Guy Harris Credit: Photo by John Anderson
Tom Spaulding Credit: Photo by John Anderson

It’s no secret that some representatives of our national food scene regularly generate national media attention, or that producers of reality TV cooking competition programs consider Austin an attractive locale for scouting potential cast members. That’s why it should come as no surprise that two Austin culinary artisans are featured on different cable television programs early next week. Each one of them is hoping his 15 minutes of national exposure will boost his career here at home. Tune in to check them out.

Forged in Fire

Monday, July 27, 9pm

This dramatic History Channel offering pits four bladesmiths from across the country in a competition to handcraft a specific weapon for a panel of expert judges each week. It’s pretty far afield from the kitchen, but one of this week’s competitors is an Austin bread baker and knifesmith named Guy Harris. During his local baking career, Harris has baked everywhere from Fuddruckers to Upper Crust Bakery, and currently turns out the sandwich loaves at Noble Sandwich Co. His true calling, however, is making culinary knives. Harris’ sideline is Harris Blades, the company set up in his home where he sharpens knives, swords, and equipment blades, in addition to creating custom culinary knives for local chefs. Of course, he can’t divulge what kind of weapon he created on the show or whether or not he won, but Harris certainly hopes his television appearance will help him finally turn his 20-year avocation into a full-time, self-sustaining business.

Chopped Grill Masters

Tuesday, July 28, 9pm

Food Network brings back this summer grilling championship with new Austin restaurateur/chef Tim Love as one of the judges. Each week, four cooks attempt to demonstrate their mastery of live-fire cookery with mystery basket ingredients; then the winners from each week face off in a championship round to win $50,000. Up this week is former Live Oak Barbecue pit man Tom Spaulding, whom adventurous local carnivores may remember from his Saturday afternoon grill-fests on Live Oak’s shady patio.
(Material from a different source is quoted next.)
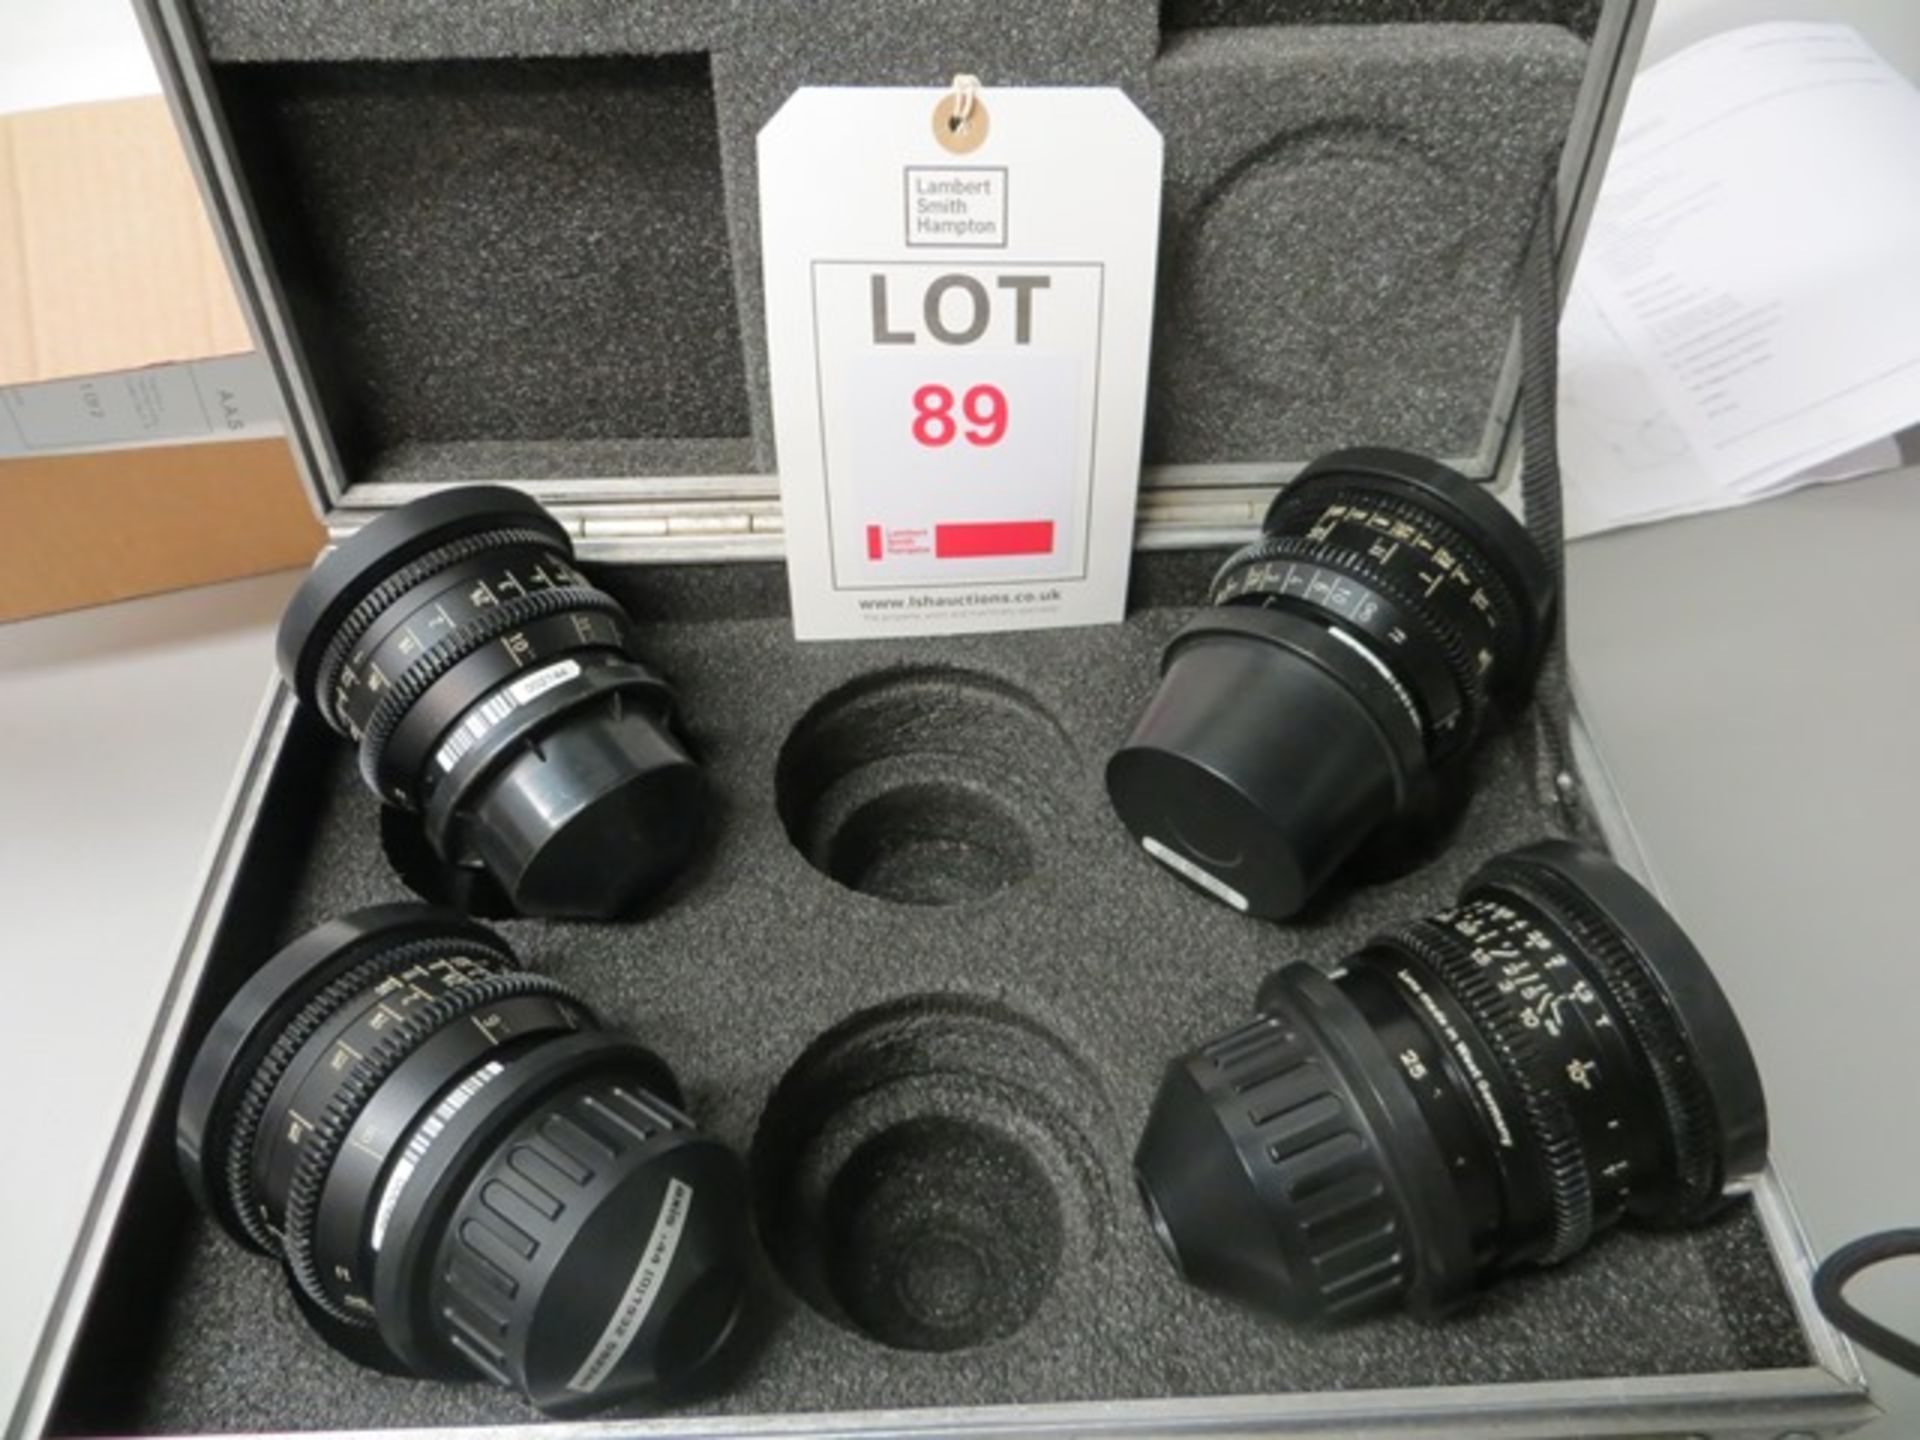 Arriflex Super 16 T 1.3 lens set comprising 9.5mm s/n 7492122, 12mm s/n 7492232, 16mm s/n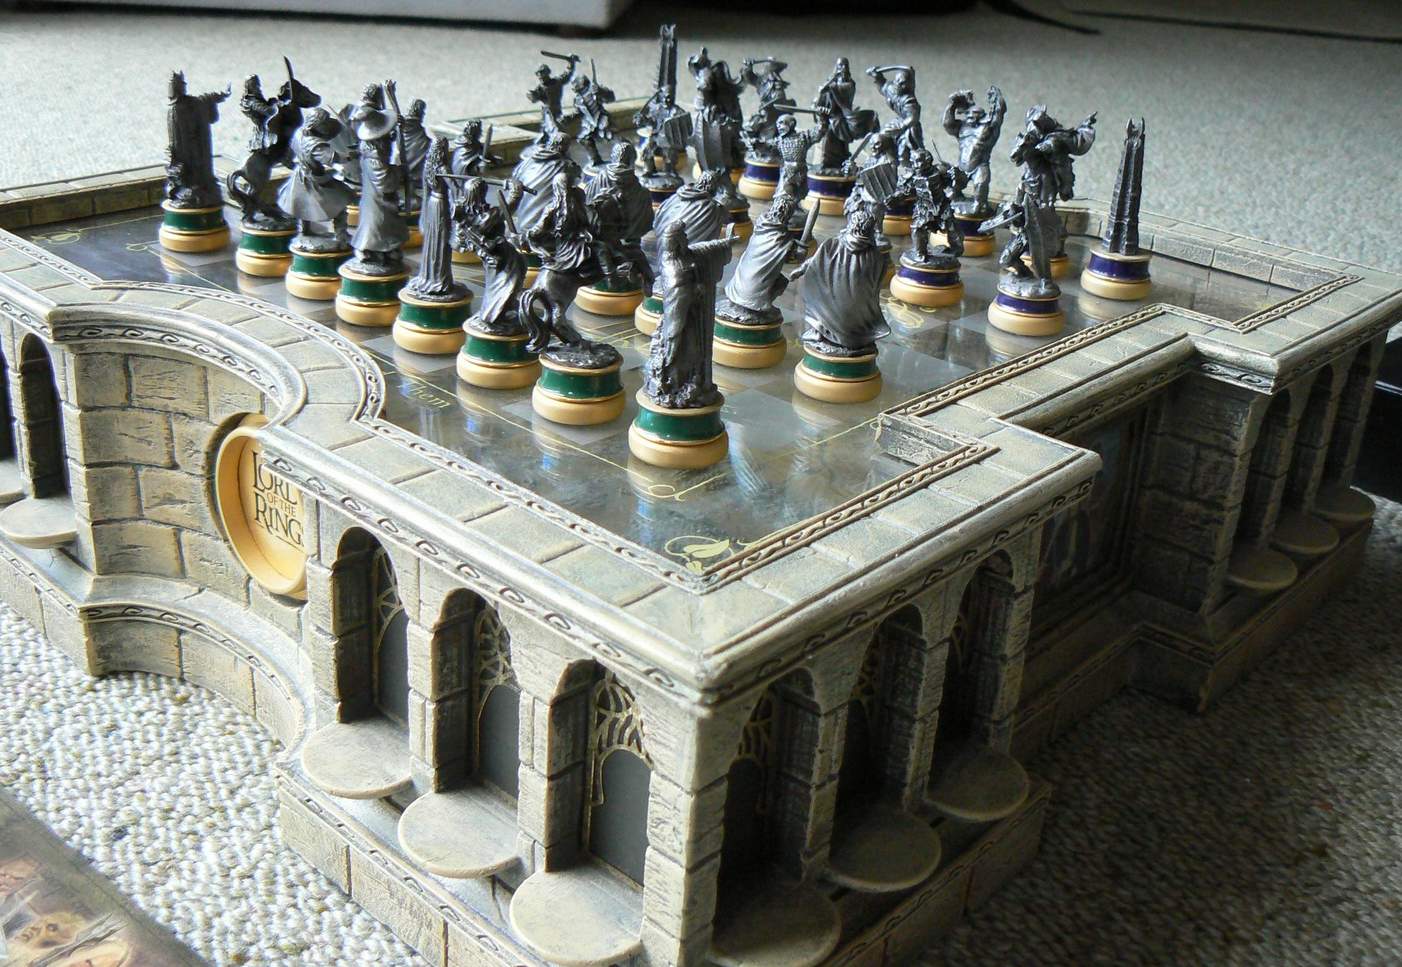 Pin de Amanda Freire em Frases  Jogo de xadrez, Ditados, Jogos

Spaulding would research cultures with live-fire cooking elements to their cuisine and then use those techniques and recipes to prepare meats of all kinds, sometimes attracting crowds of 200 people to the tasting parties. Since the closing of Live Oak earlier this year, Spaulding has been catering, participating in barbecue competitions, and trying to set up a business of his own. All that grilling party research could pay off for Spaulding big time if he wins his preliminary round.